Hacking the Inference Pareto Frontier

00:00:00.040 | Hey there, everyone. I'm Kyle Cranin and today I'll be talking about how to break the inference

00:00:18.760 | Pareto frontier in your advantage. Really, the thing that enables the success is that a good

00:00:25.240 | model and a good system that takes into account the actual constraints for what you need from

00:00:30.460 | your deployment is actually key to the success of both your deployment and the application

00:00:35.260 | that is backed by it. So, who am I and why am I talking about this? As I said, my name

00:00:42.120 | is Kyle Cranin. Currently, I work at NVIDIA. Previously at NVIDIA, I was leading and GMing

00:00:50.680 | the largest inference deployment at NVIDIA with a multiple tens of millions dollar quarterly

00:00:56.080 | cloud bill.
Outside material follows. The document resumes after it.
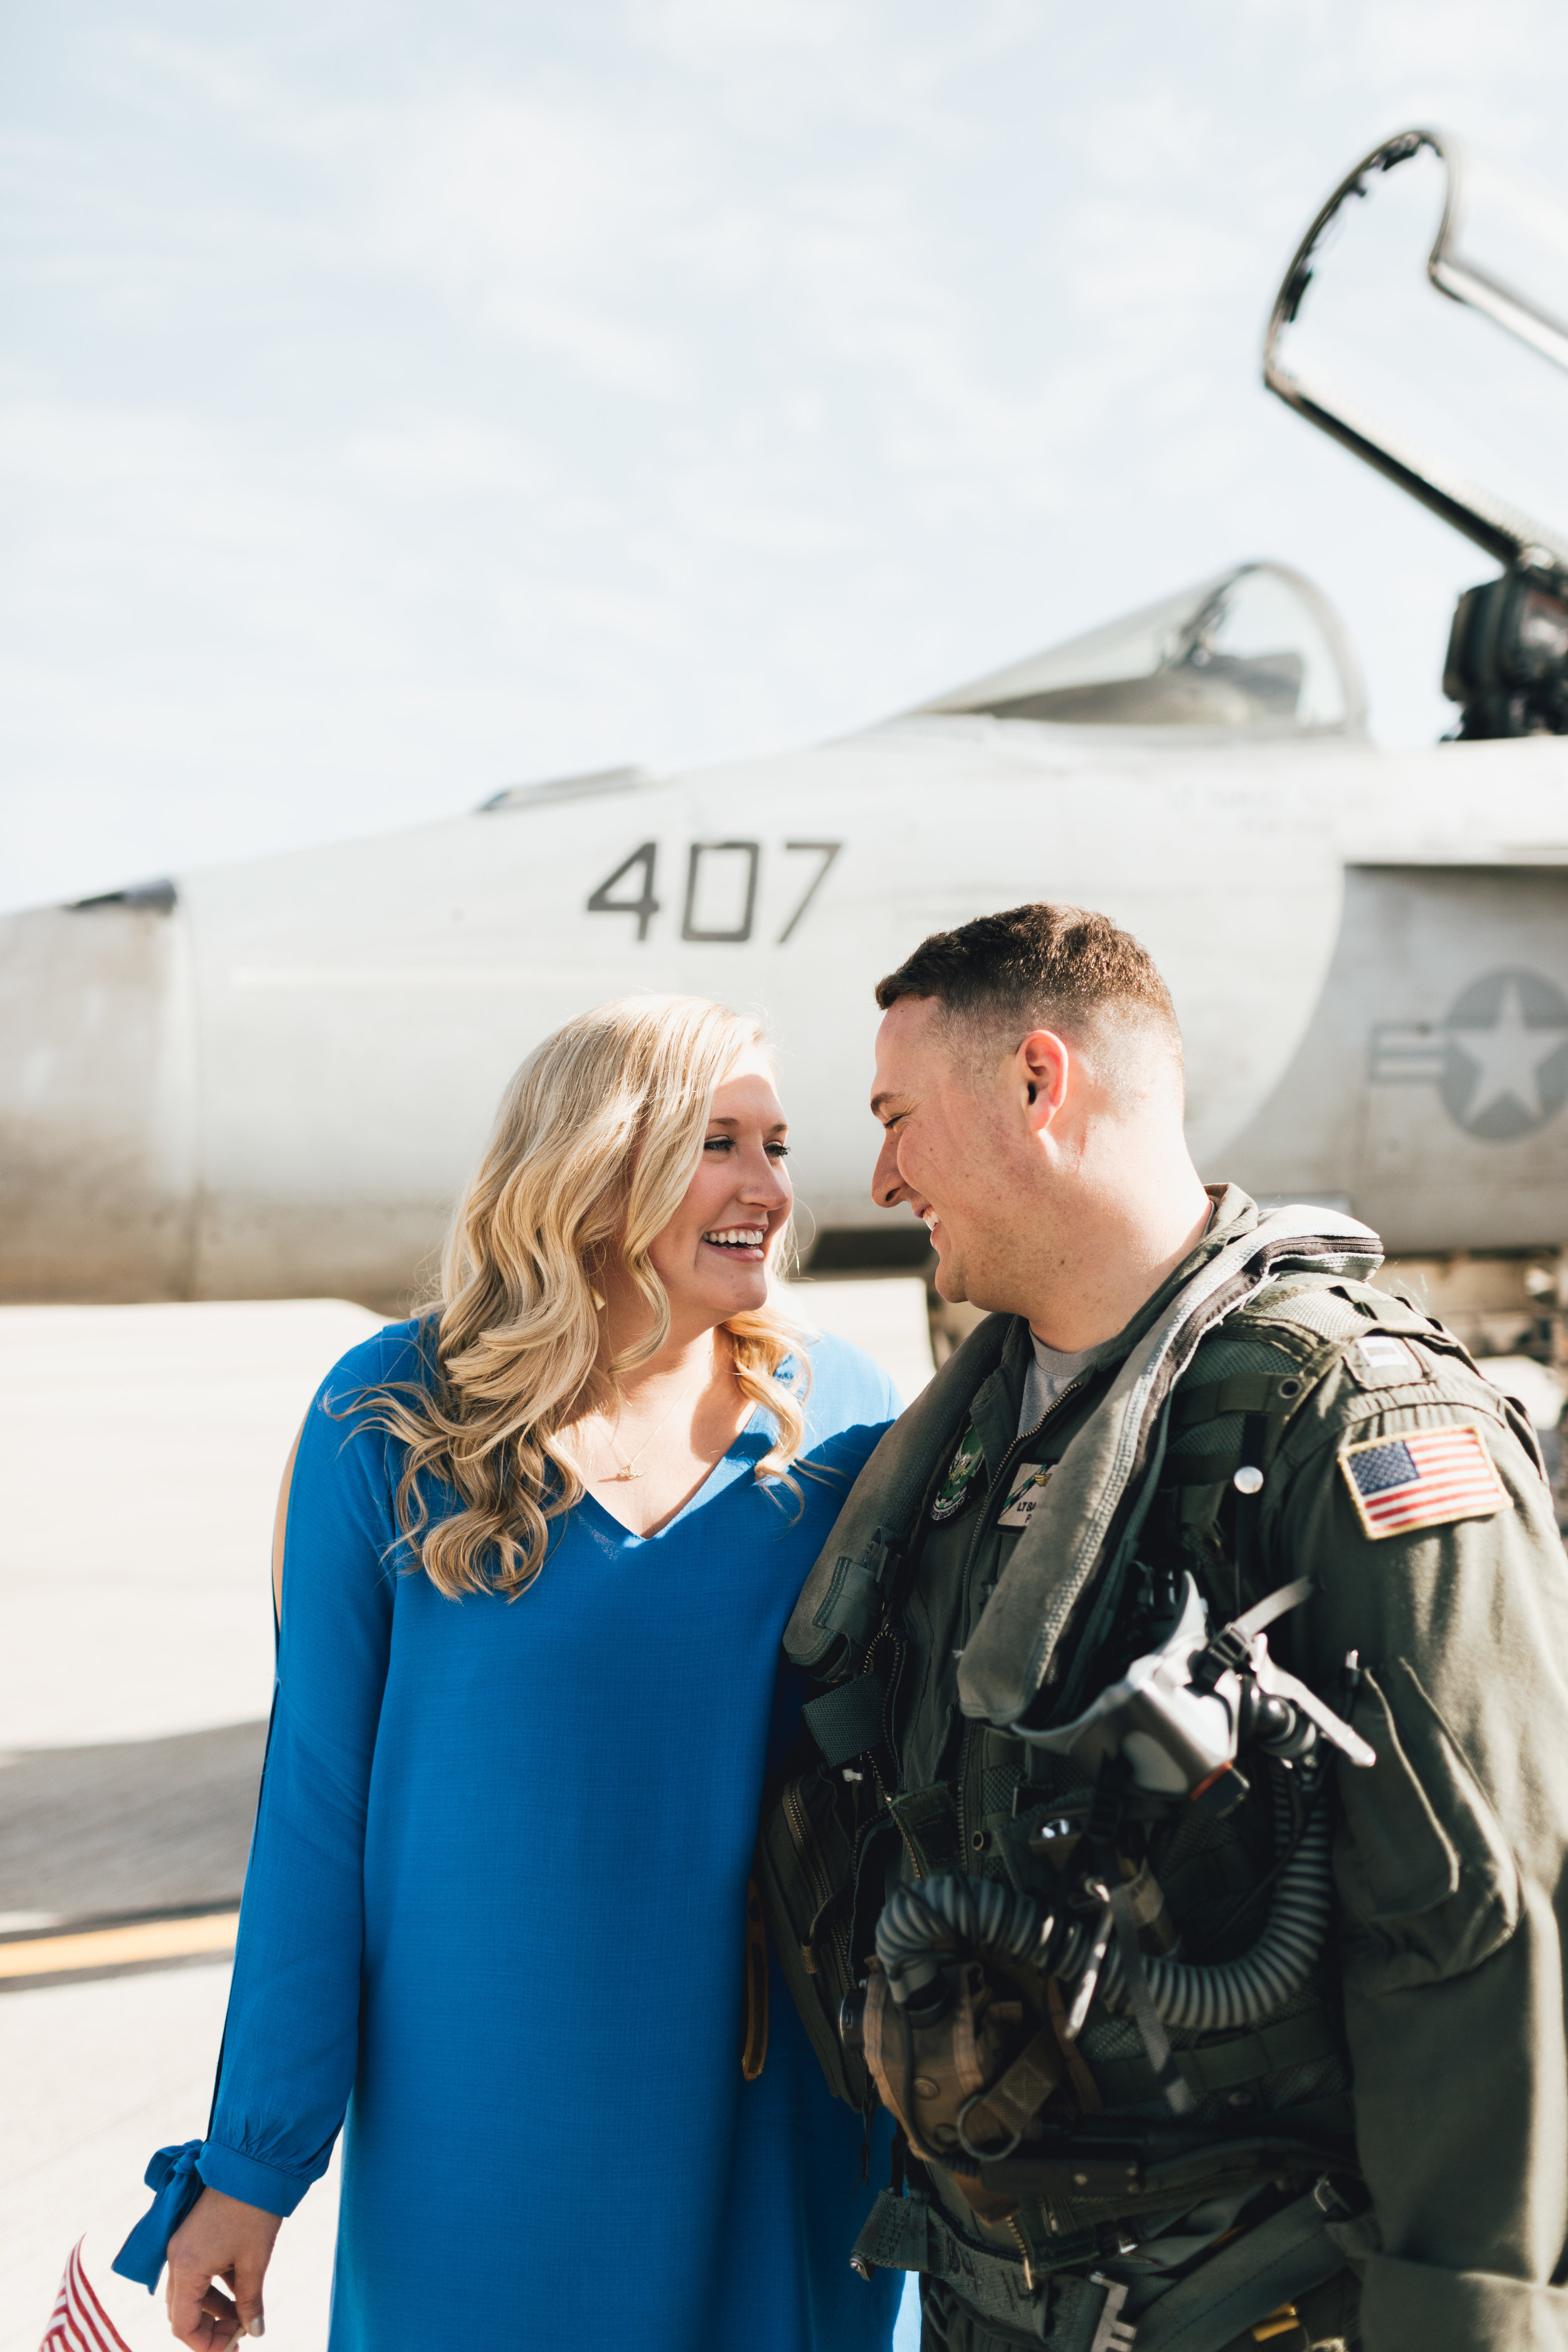 military-homecoming-photo-by-samantha-look.jpg

And now I'm an architect and lead for a project that we just released an open

00:01:01.420 | source called NVIDIA Dynamo that aims to do things like enable data center scale inference

00:01:07.300 | to manipulate your deployment and manipulate the Pareto frontier in order to achieve better

00:01:12.020 | SLAs or achieve lower costs for existing SLAs with techniques like disaggregation or more

00:01:17.880 | techniques that we'll talk about later in the talk. Dynamo is... The Dynamo meetup is linked

00:01:23.600 | right here. You can learn more about Dynamo there if you want to look it up. And I'll also have

00:01:27.240 | that at the end of the talk as well. So, the three things that we or I like to think about

00:01:33.620 | when I'm thinking about whether or not something can actually be deployed and used is really simple.
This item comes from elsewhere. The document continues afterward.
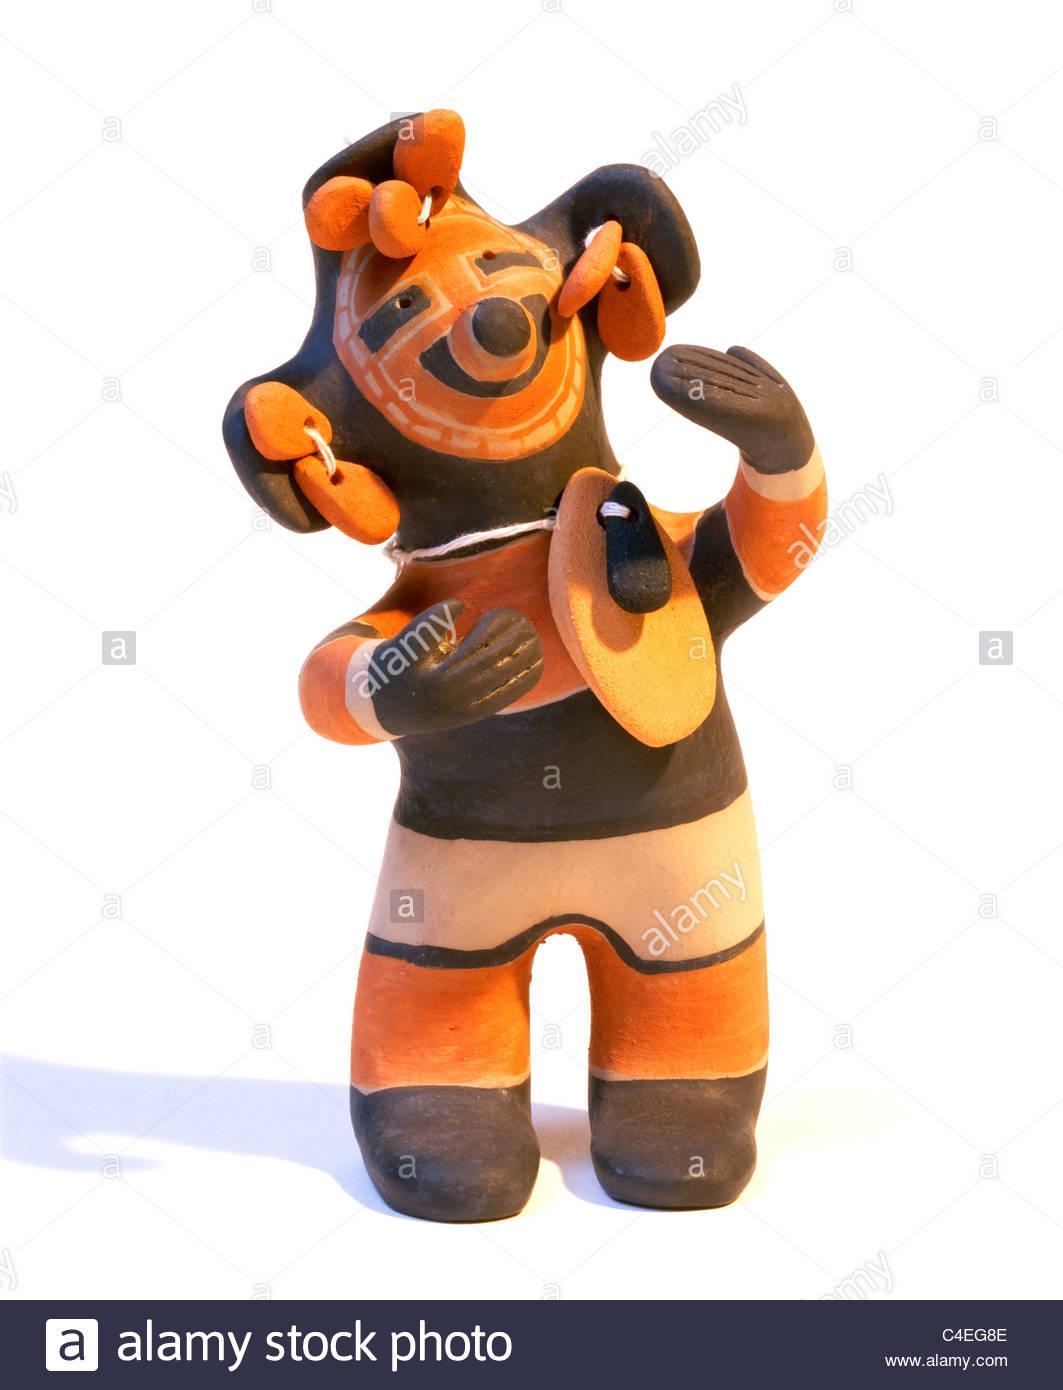 cochiti pueblo indian clay figurine made by

00:01:39.020 | It's quality. Whether or not your application and the system around your model is capable of, you know,

00:01:44.420 | completing tasks with some level of accuracy or quality. Latency. Whether or not the task can be

00:01:50.720 | completed in a fast enough envelope for, you know, either the user to be happy or to meet safety

00:01:55.520 | guarantees like for robotics. And cost. Can the LLM complete the task cheaply enough per request in

00:02:03.200 | order for you to meet whatever, you know, margin requirements you have for your application.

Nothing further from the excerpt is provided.